Italy’s largest bank, UniCredit SPA (BIT:UCG) said its first quarter net profit dropped by half due to lower interest and trading income.

UniCredit

Italy’s largest bank by asset reported that net income decreased to 449 million euros from 914 million euros last year, while total revenues were 6.08 billion euros, compared to 7.11 billion euros last year. It was able to reduce the cash reserve for bad loans to 1.2 billion euros, while a key measure of health viz.; bank’s Tier 1 capital ratio rose to 11.03 percent.

Nomura equity research in its today’s report highlighted that UniCredit’s net income was higher than its estimates of 260 million euros.
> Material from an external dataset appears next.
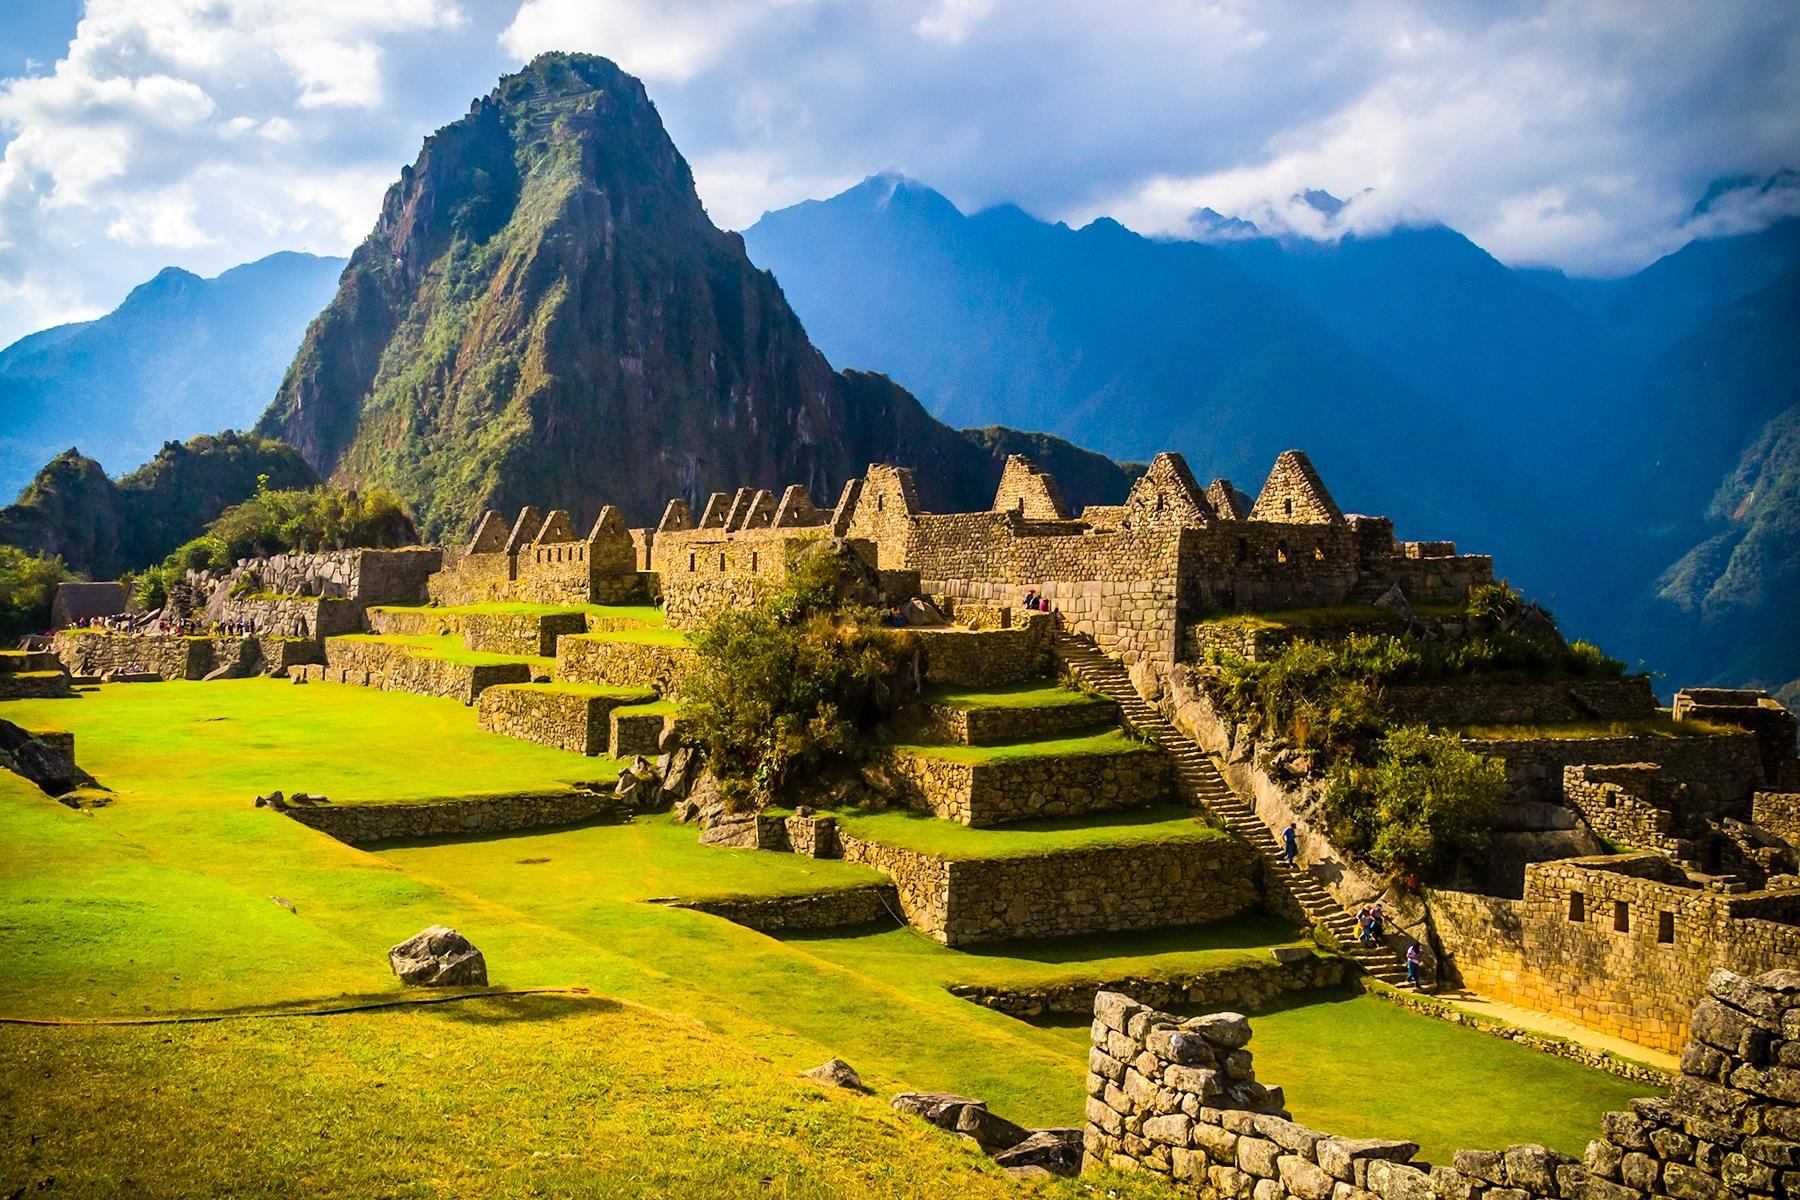 "Huayna-Picchu-Central-Plaza-at-Machu-Picchu-Huayna-Picchu-""young-peak""-in-Quechua-looms-865-feet-above-the-Central-Plaza-of-Machu-Picchu-TB-1-Place-by-Joel-David-Brown-SR"

It observes UniCredit SPA (BIT:UCG)’s NII was relatively stable last quarter, though down 13 percent year-on-year.

According to Nomura, UniCredit SPA (BIT:UCG)’s costs were in line, while loan loss provisions were better than expected. However, Nomura feels its asset quality deterioration continues.
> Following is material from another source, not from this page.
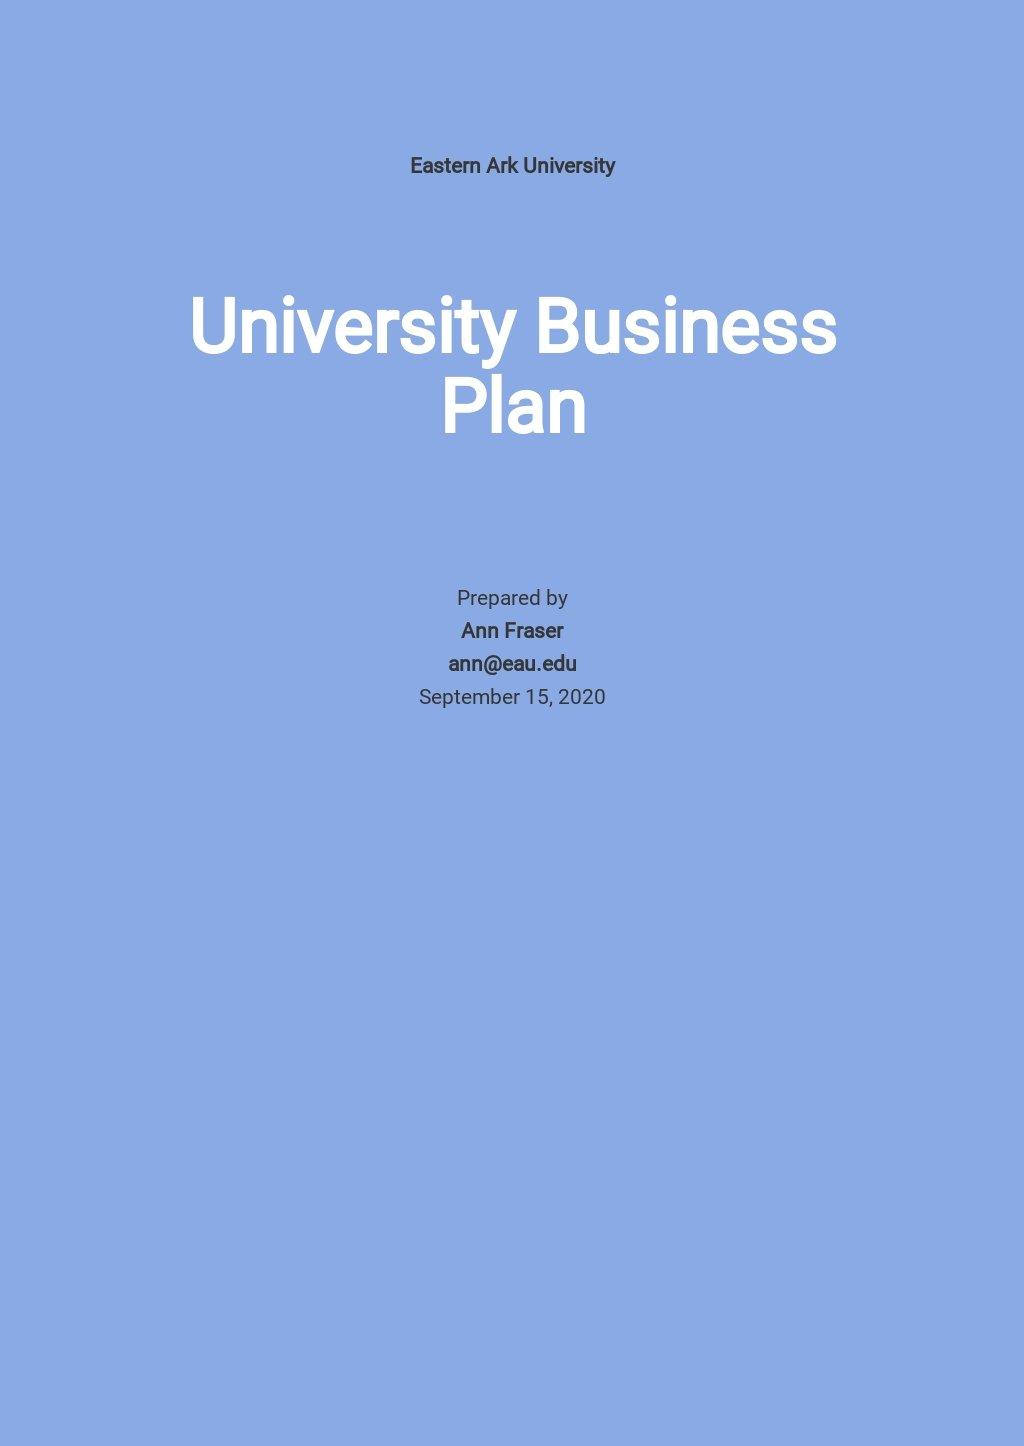 Free Blank University Business Plan Template.jpe

Daragh Quinn and team assigns ‘reduce’ rating to UniCredit SPA (BIT:UCG) with a target price pegged at 3.20 euros.

UniCredit SPA (UCG) Ratings

On the other hand, Credit Suisse Group AG (NYSE:CS) in its today’s equity research report assigns ‘neutral’ rating to UniCredit SPA (BIT:UCG) with a target price of 3.82 euros.
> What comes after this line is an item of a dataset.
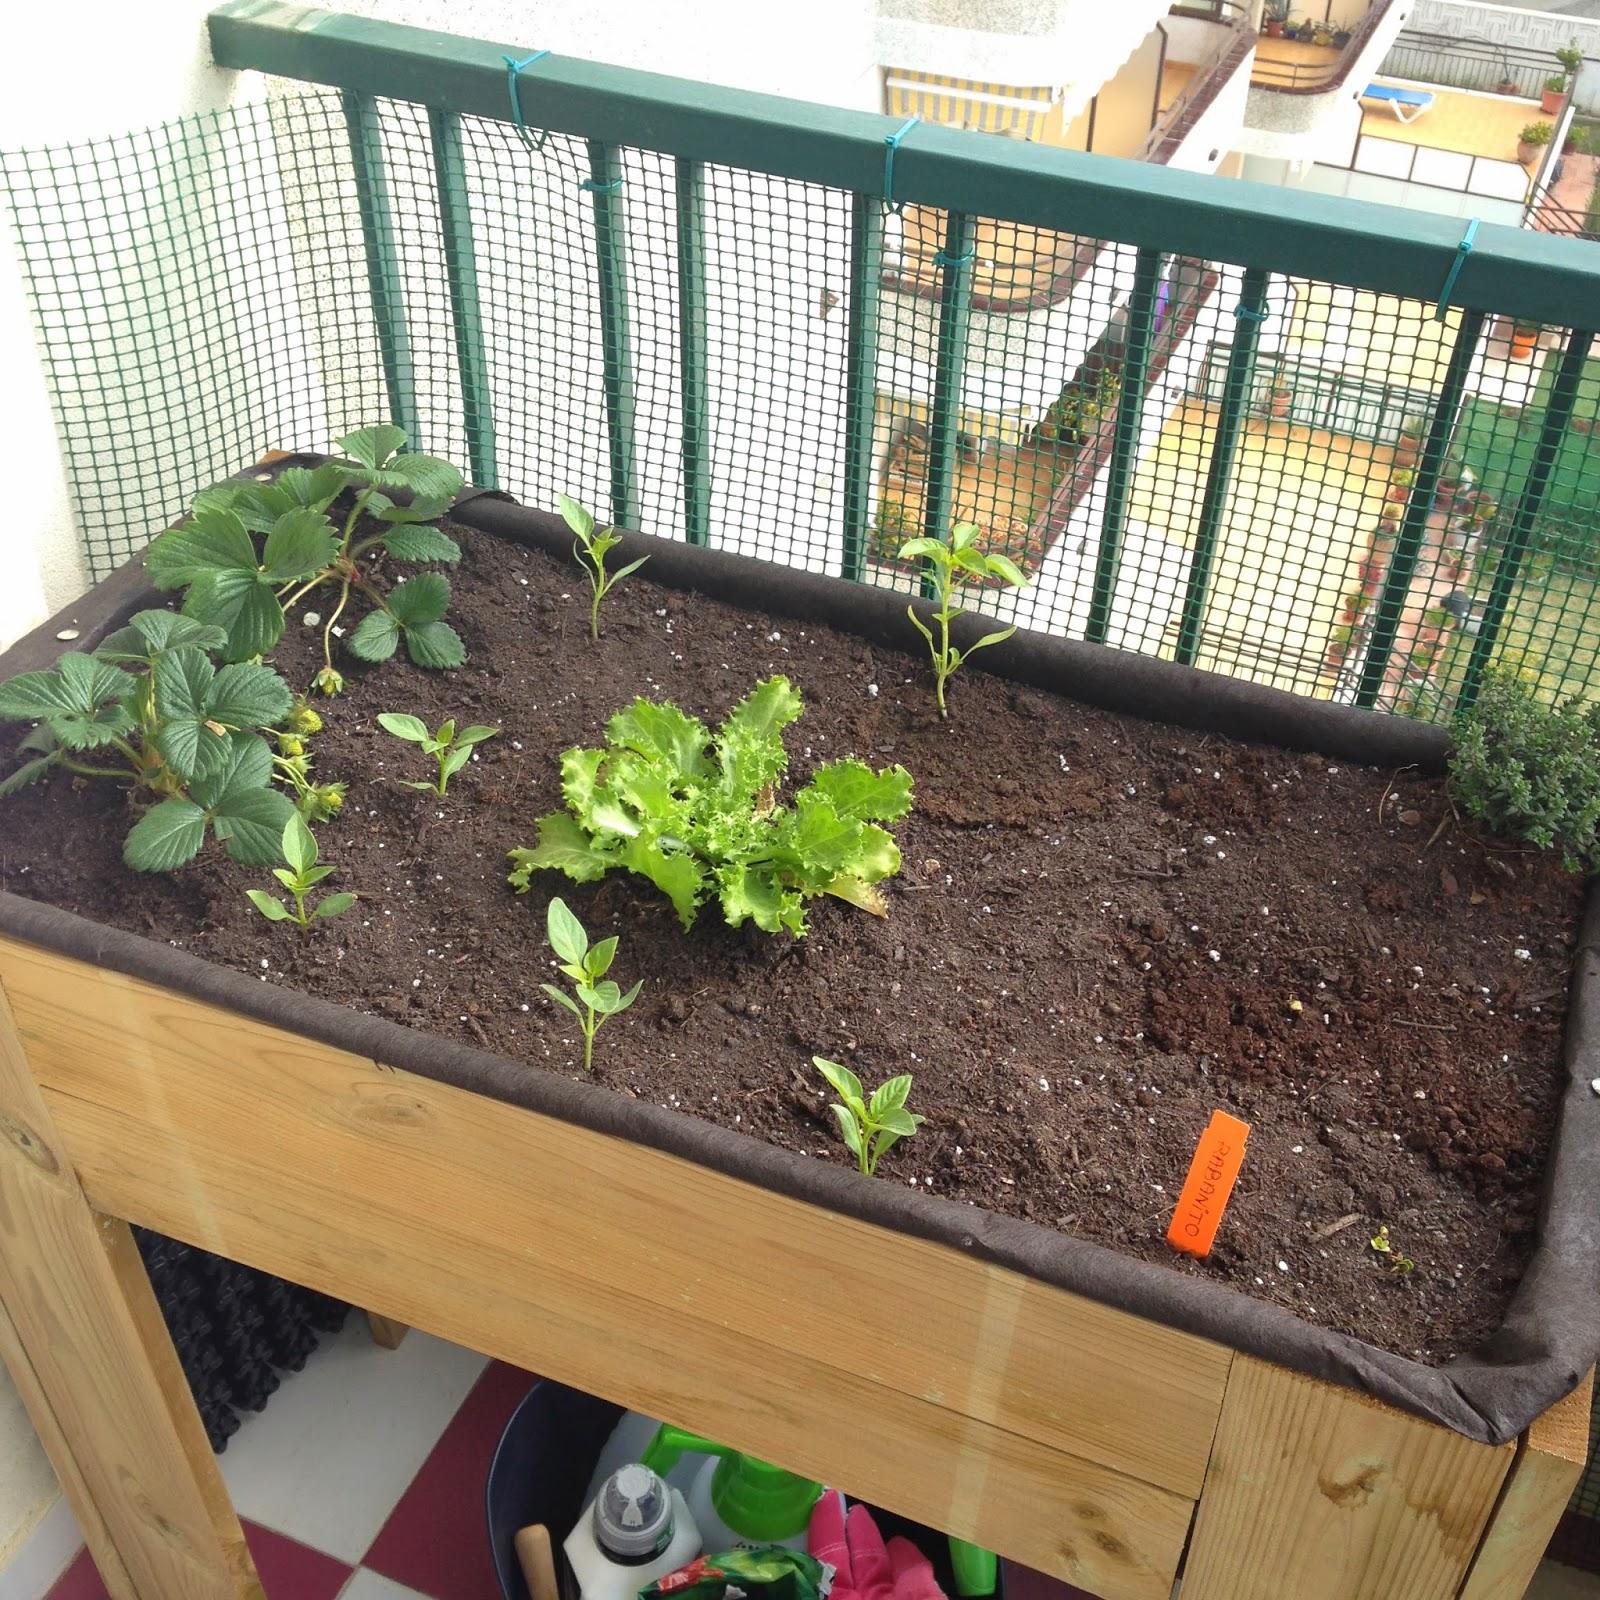 La mesa de cultivo tomates urbanitas - Drenaje mesa de cultivo ...

Credit Suisse feels UniCredit’s results look clean with 500 million euros one-off gains from disposals and additional liability management expected in Q2.

Ignacio Cerezo and team feels overall UniCredit’s quality of the beat can be put in question, but these were better than expected results from UCG, with no visible deterioration of any key trends against Credit Suisse’s estimates.

Credit Suisse Group AG (NYSE:CS) in its report feels UniCredit’s NII of 3.31 billion euros and commissions of 2.0 billion euros coming in line with CS offset by stronger trading income, based on favorable market conditions earlier in the year.

Credit Suisse Group AG (NYSE:CS) observes UniCredit SPA (BIT:UCG) management’s tone looking more confident than in previous quarters, as they are able to reiterate most of the targets announced at the time of Q4 results.

Credit Suisse Group AG (NYSE:CS) feels funding and capital news flow remains positive, with UniCredit SPA (BIT:UCG) managing to build up its solvency ratios despite low headline profitability through asset disposals, liability management and RWA reductions.

Ignacio Cerezo and team feels despite recent outperformance, there is nothing wrong in this set of numbers, and the team expects positive market reaction, though most of these trends viz. NII improvement, LLP declines are already incorporated in their forecasts, and hence see little changes to their 14-15E RoTBV expectations for now.